By clicking “Sign up for GitHub”, you agree to our terms of service and privacy statement. We’ll occasionally send you account related emails.

Already on GitHub? Sign in to your account

BBT test suite #18

Open
larsgw opened this issue Nov 17, 2020 · 20 comments
Open

BBT test suite #18

larsgw opened this issue Nov 17, 2020 · 20 comments
Labels
bug Something isn't working

Comments

@larsgw
Copy link
Member

larsgw commented Nov 17, 2020

I am going through the BBT test suite again (at least, the files in retorquere/bibtex-parser/__tests__/better-bibtex/import). @retorquere, some questions:

  • One file contains {\d} which would normally be {\dh}, \d being a diacritic expecting an argument. Do you handle that normally or is that covered by error recovery?
  • Does EndNote really export without labels...
  • The rest works now after some updates on my side
@larsgw larsgw added the bug Something isn't working label Nov 17, 2020
@retorquere
Copy link
Contributor

retorquere commented Nov 17, 2020

I am going through the BBT test suite again (at least, the files in retorquere/bibtex-parser/__tests__/better-bibtex/import).

Those are my tests, correct. The snapshots directory have what I currently consider the ground truth, but I can't guarantee that is going to be flawless.

* [One file](https://github.com/retorquere/bibtex-parser/blob/7ad73dfe6039961f65afdd865d9c523066454b57/__tests__/better-bibtex/import/BBT%20does%20not%20import%20groups%20from%20JabRef%205.1%20%231641.bib#L4) contains `{\d}` which would normally be `{\dh}`, `\d` being a diacritic expecting an argument. Do you handle that normally or is that covered by error recovery?

I currently produce a lone diacritic, which unicode allows even if it clearly will have unintended results in this case. Error recovery would be fine if that wouldn't mean the entire entry is lost.

* Does EndNote really export without labels...

It doesn't now, but it did at one time, and you know how old bibtex files have a tendency to stick around.

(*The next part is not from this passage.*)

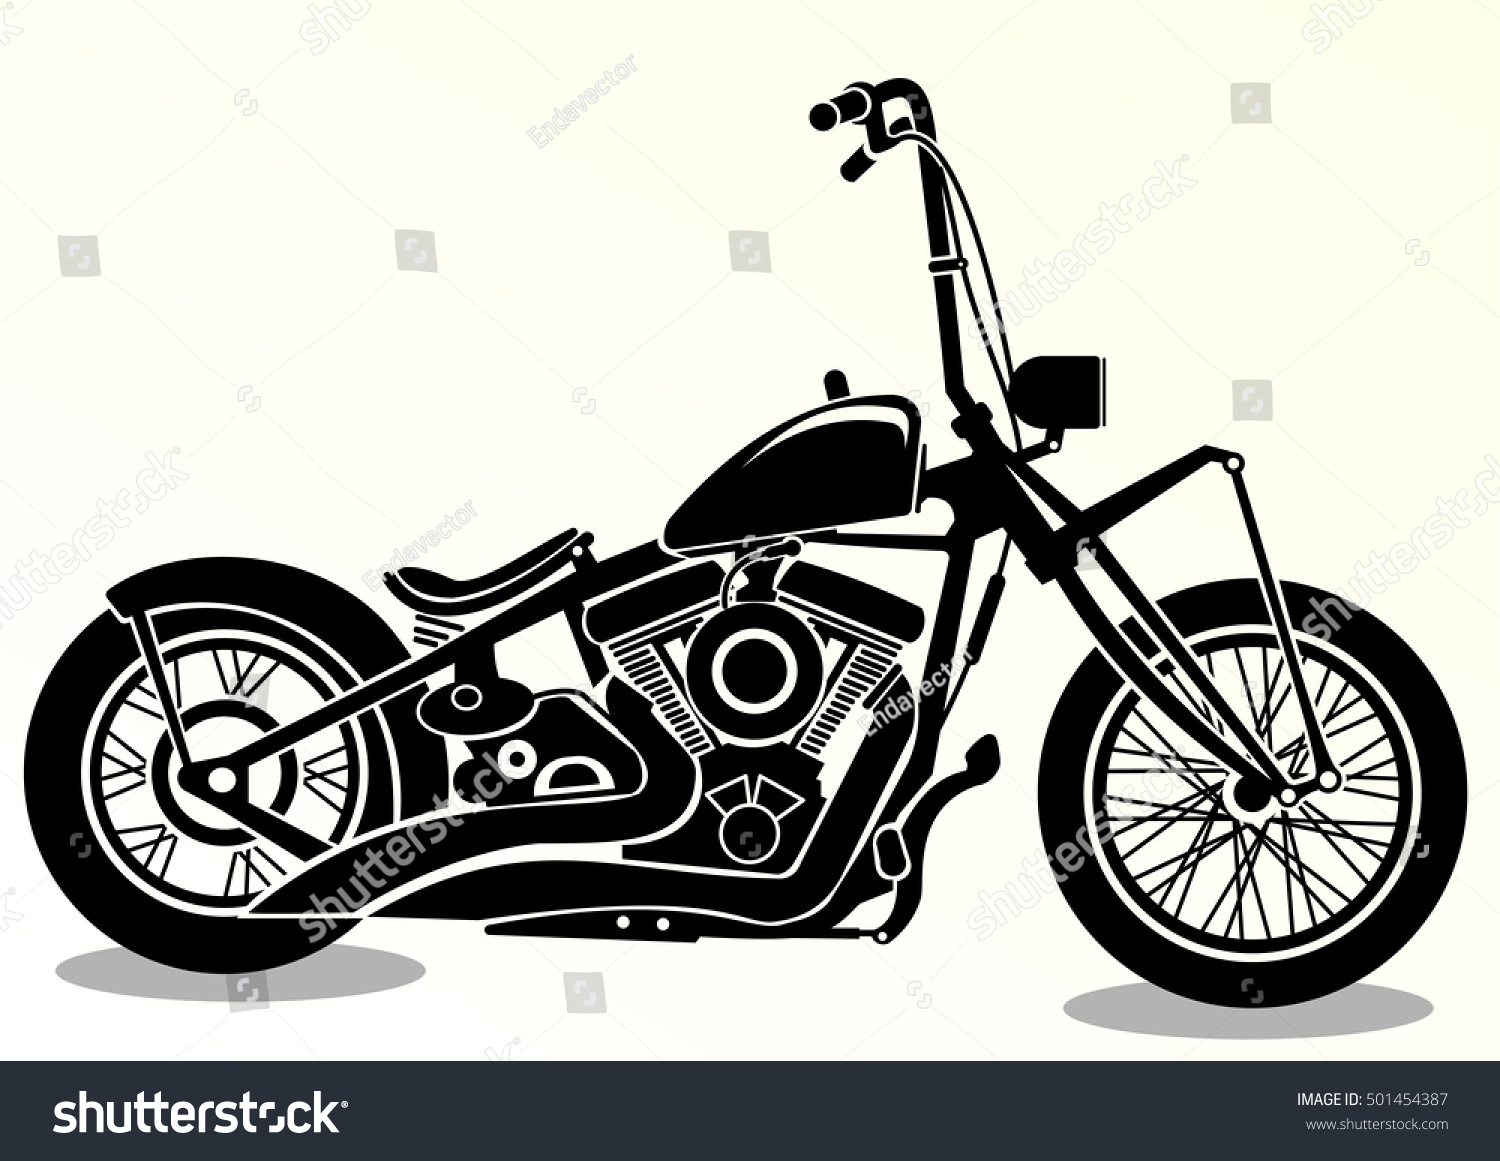 Download Old Vintage Motorcycle Stock Vector Illustration 501454387 : Shutterstock

* The rest works now after some updates on my side

That is fantastic. The current list of commands-with-arguments that I recognize is here (but not yet updated for a work in progress to specify the parse mode for them, that is on a different branch that I've stopped working on seeing how fast yours is). My unicode map is here but I'll need to normalize the maps. The source for the maps is here but if you install the npm module you get

  • tables/latex.json: command replacements
  • tables/diacritics.json: diacritic replacements

@retorquere
Copy link
Contributor

Wait, what does "works" mean in this context?

@larsgw
Copy link
Member Author

larsgw commented Nov 17, 2020

Well, "parses". I haven't compared the actual results yet, sorry for the misleading comment.

@retorquere
Copy link
Contributor

Ah OK, but no worries.

I'm serious about cooperating if you're interested. I want to have the best non-latex bibtex parser in BBT, but I need to be able to move when issues are brought in -- I have latex expertise on hand than helps me decide how issues are handled, don't mind discussing with more to get to better results.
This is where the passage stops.